Implications and Weaknesses
The participants responses show that for positive social interactions to subsist in rural communities, there should be infrastructure that allows interaction and activities for people to do in those spaces. The consultation process also showed that social offerings, openness and aesthetics can contribute to motivating people to work together for community disease prevention and control. The study also highlights the importance of person and environment fit in communicating research findings or improving research uptake and vice versa. However, while the study has important implications on the use of social practice creative placemaking to improve research uptake, the consultation was done with a very small sample, therefore the findings are not transferrable to the rest of the KwaZulu-Natal province. Notwithstanding this, the non-transferability of findings emphasises the importance of context specificity in effective community engagement.
Conclusion
In summary, efforts to increase individual and group participation in research uptake should start with consulting communities on how the process should flow and why. Consultation facilitates openness about the benefits and the community’s role in research which is a condition precedent to community wide efforts in local disease prevention and control. The rebalancing of powers between researchers and communities should not be misconstrued as a leeway to temper with societal power relations especially in rural communities where tribal hierarchies are observed. Instead existing power structures and social and physical infrastructure should be harnessed to mobilise and organise communities into collective action.
Footnotes
Acknowledgments
We would like to acknowledge, Ms Thulisa for her support in collecting data for this study. Special thanks also go to the study participants, school principals, community leaders and mothers and the pupils at the schools where we collected data. We would like to acknowledge the support we received from; The National Research Foundation Community Engagement grant The College of Health Sciences, University of Kwazulu-Natal The National Institute for Health Research (NIHR) Global Health Research programme (16/136/33) using UK aid from the UK Government.
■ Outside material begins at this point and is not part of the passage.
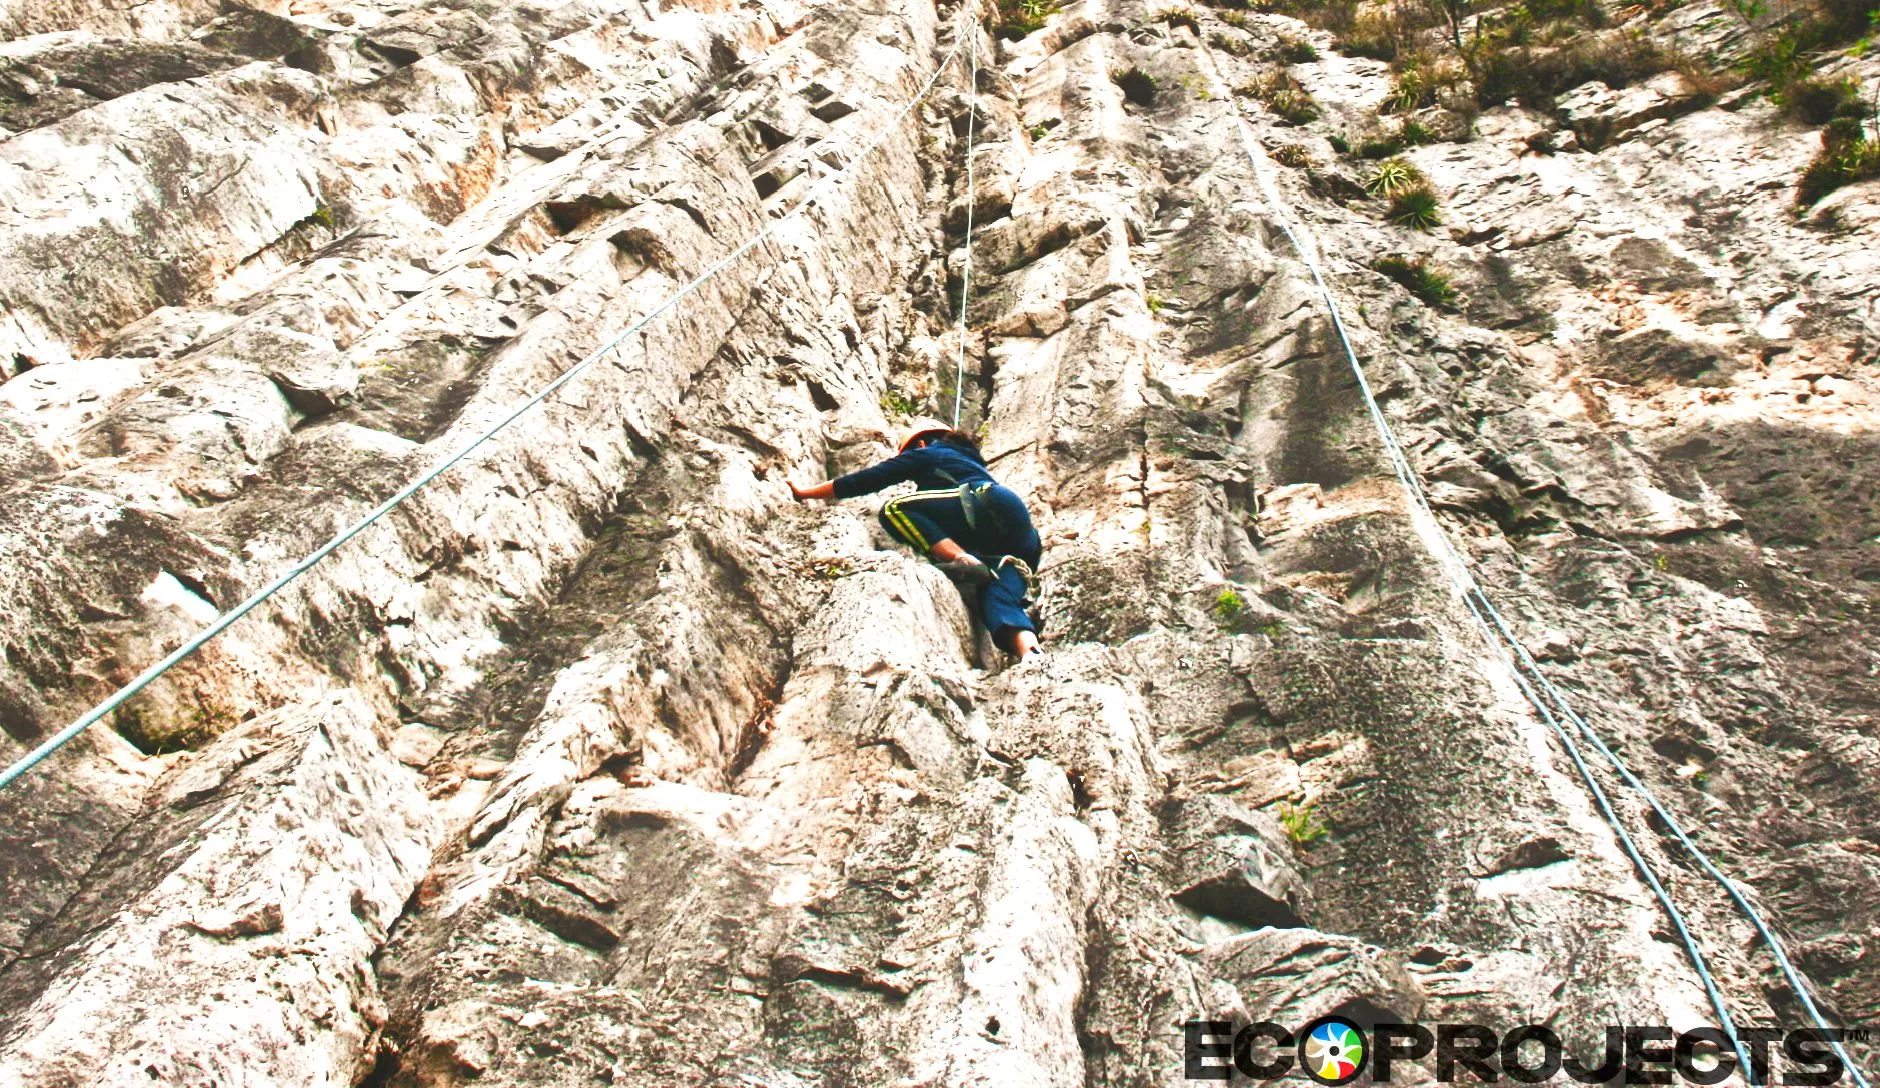 Ecoproparks. Persona utilizando rapel para escalar montaña rocosa.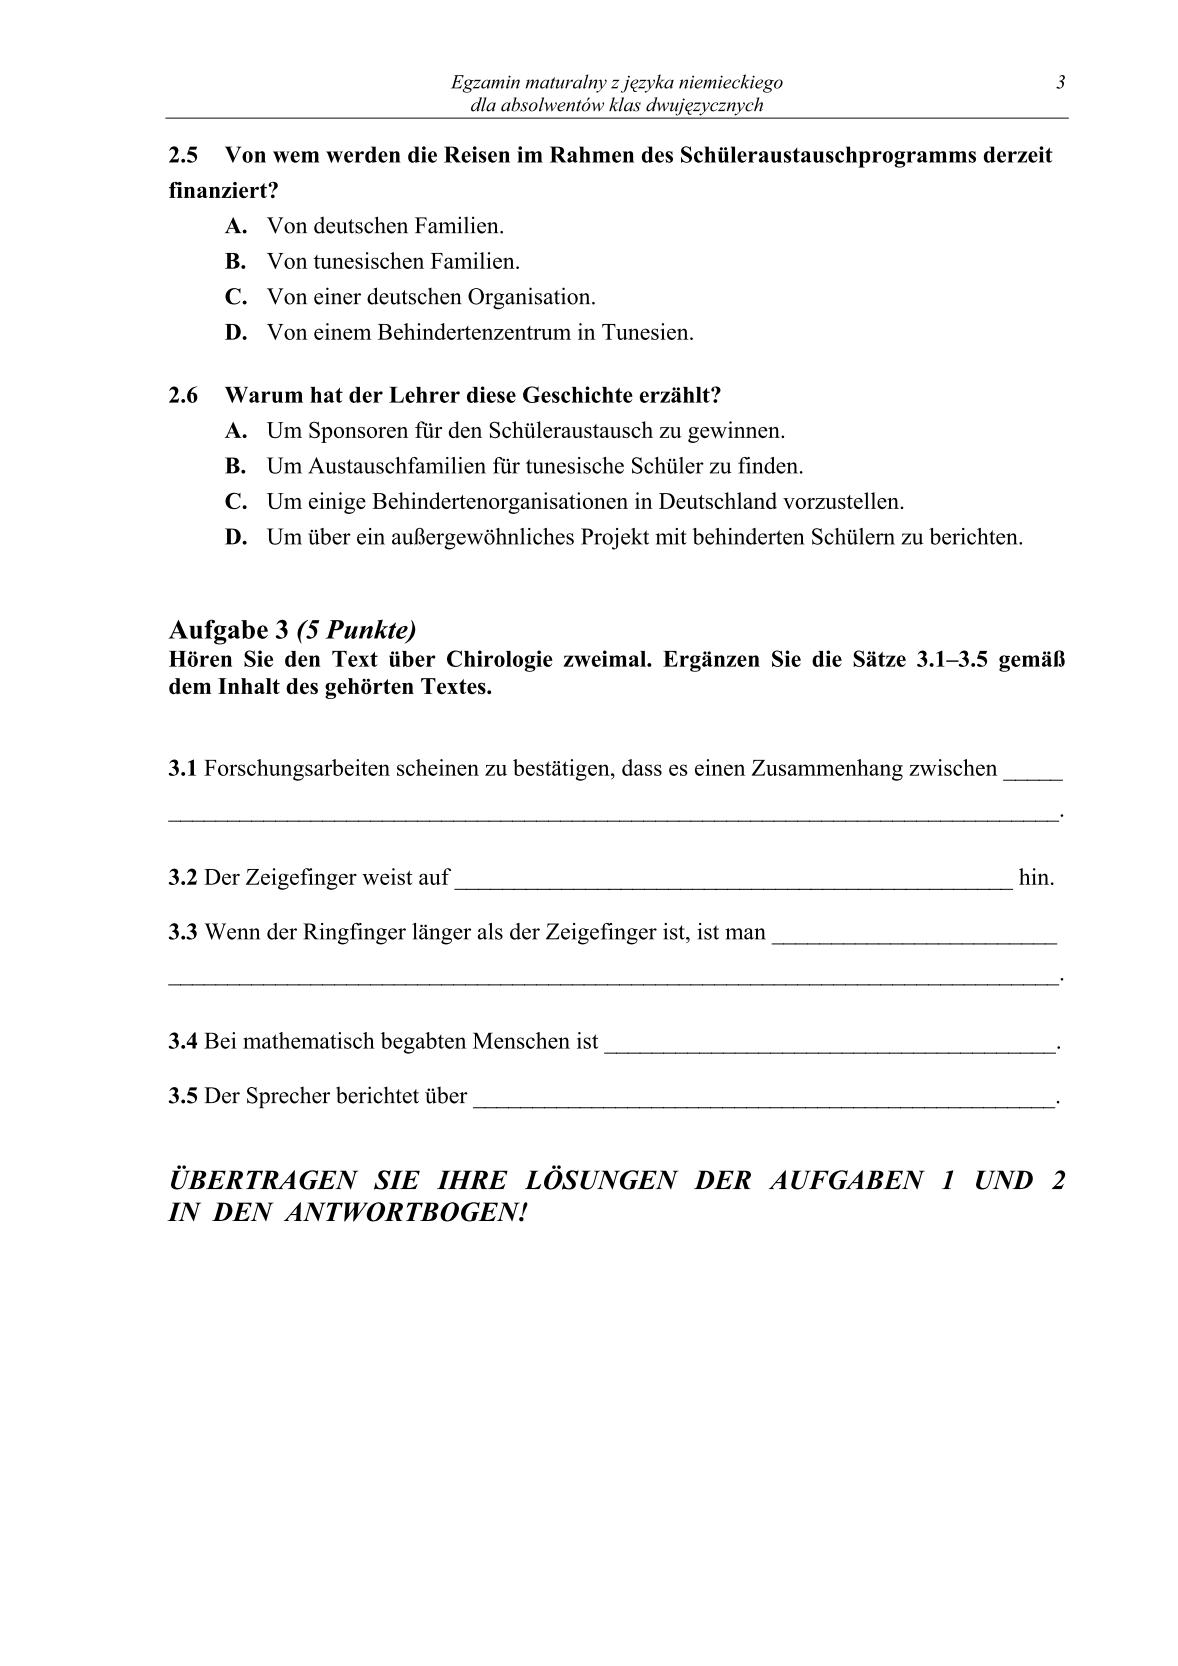 pytania-jezyk-niemiecki-dla-absolwentow-klas-dwujezycznych-matura-2014-str.3

Declaration of Conflicting Interests
The author(s) declared no potential conflicts of interest with respect to the research, authorship, and/or publication of this article.
Funding
The author(s) disclosed receipt of the following financial support for the research, authorship, and/or publication of this article: This study was funded by the National Research Foundation (NRF) This research was also funded by the National Institute for Health Research, using Official Development Assistance (ODA) funding 16/136/33. The views expressed in this publication are those of the authors and not necessarily those of the NHS, the National Institute for Health Research, the Department of Health or the National Research Foundation (NRF). The funders had no role in the conception, study design, data collection and analysis, decision to publish or preparation of the manuscript.